Sony's entry into the video games market is the stuff of legend. The company had originally planned to launch a CD-ROM-based console in partnership with Nintendo, but the company pulled out at the last minute in initially in favour of a partnership with Philips then to abandon the project altogether for home-brew cartridge-based designs. Humiliated, Sony's Ken Kutaragi - who only one day before Nintendo's reversal had shown off a Super Famicom with CD-ROM at the Consumer Electronics Show in 1991 and who had fully expected the company to announce its partnership with Sony the next day, only to hear the name Philips announced from his position in the audience at Nintendo's CES press conference - initially approached Nintendo's arch-rival Sega to continue the project, but once rejected convinced Sony to forge ahead with the project alone.

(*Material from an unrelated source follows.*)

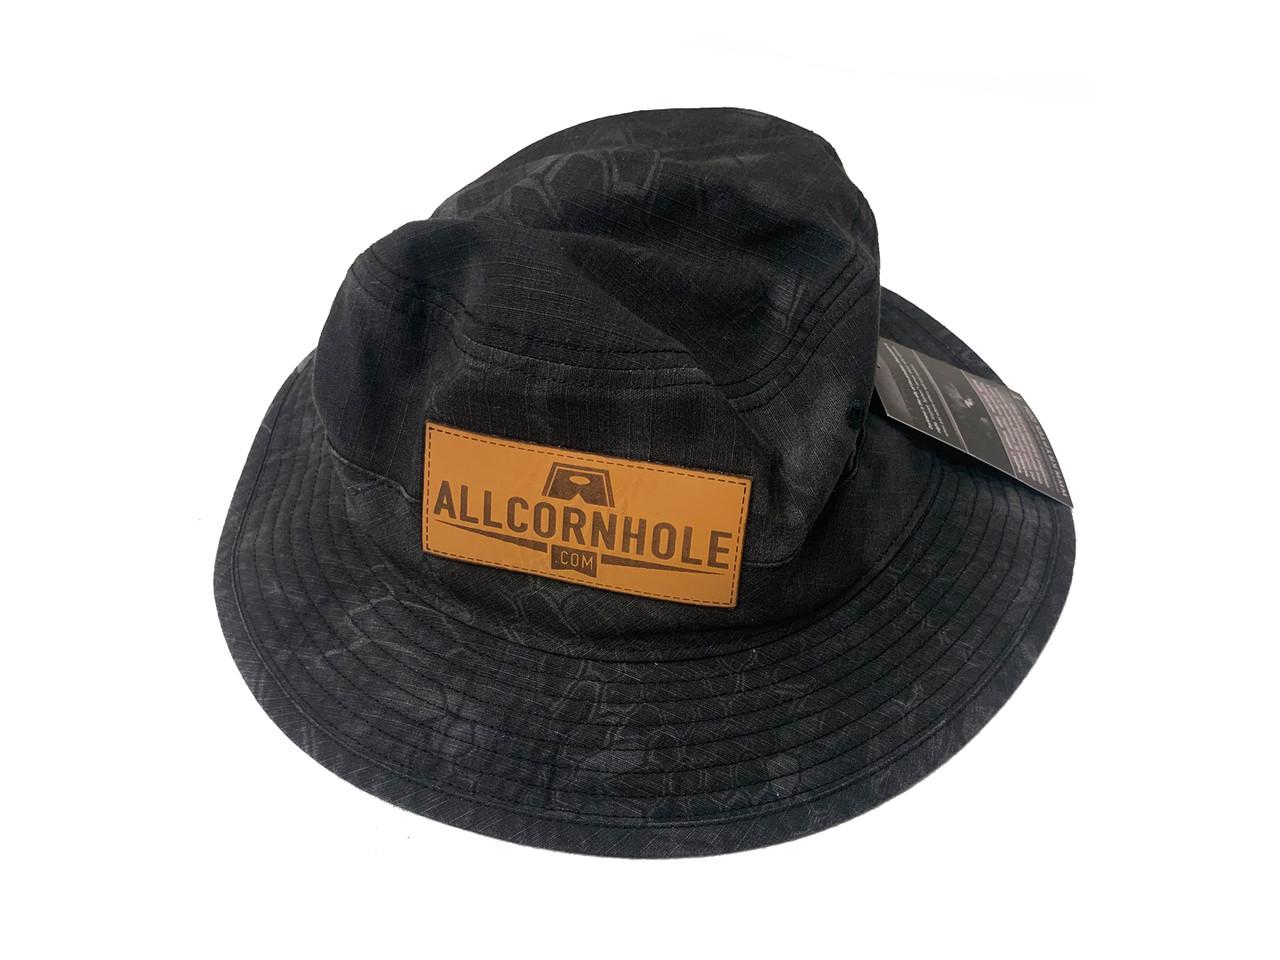 6eff3a1b2a3da AllCornhole Black Design Bucket Hat - Free Shipping - AllCornhole.com
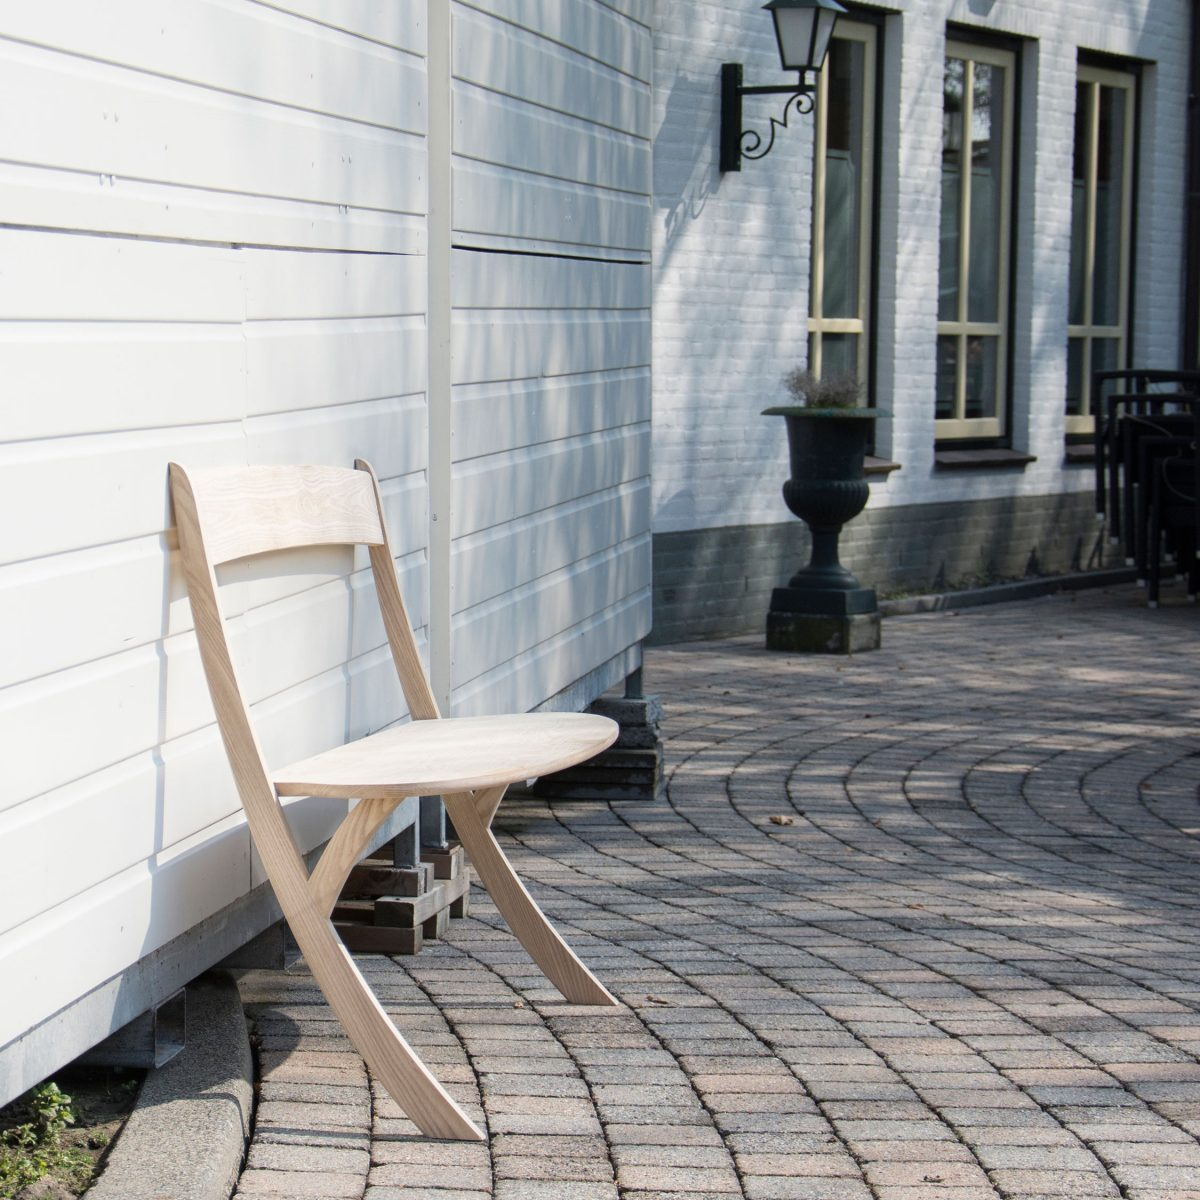 Leaning Bench van Izabela Boloz – gimmii shop

Sony Computer Entertainment Incorporated (SCEI) was formed in 1993, and its first product would launch in Japan on this day in 1994: the PlayStation. Based on CD-ROM storage rather than the traditional cartridge ROMs of earlier consoles, the fifth-generation unit proved a massive hit for the company, selling more than 120 million units over its lifespan. Although its grey finish was far from exciting - with Sony switching to black for its successor, the PlayStation 2 - the game's impressive 3D capabilities and large storage capacity coupled with a clever marketing platform in the west that positioned the console as being for hip young things with a focus on rave and punk culture. The rest, as they say, is history.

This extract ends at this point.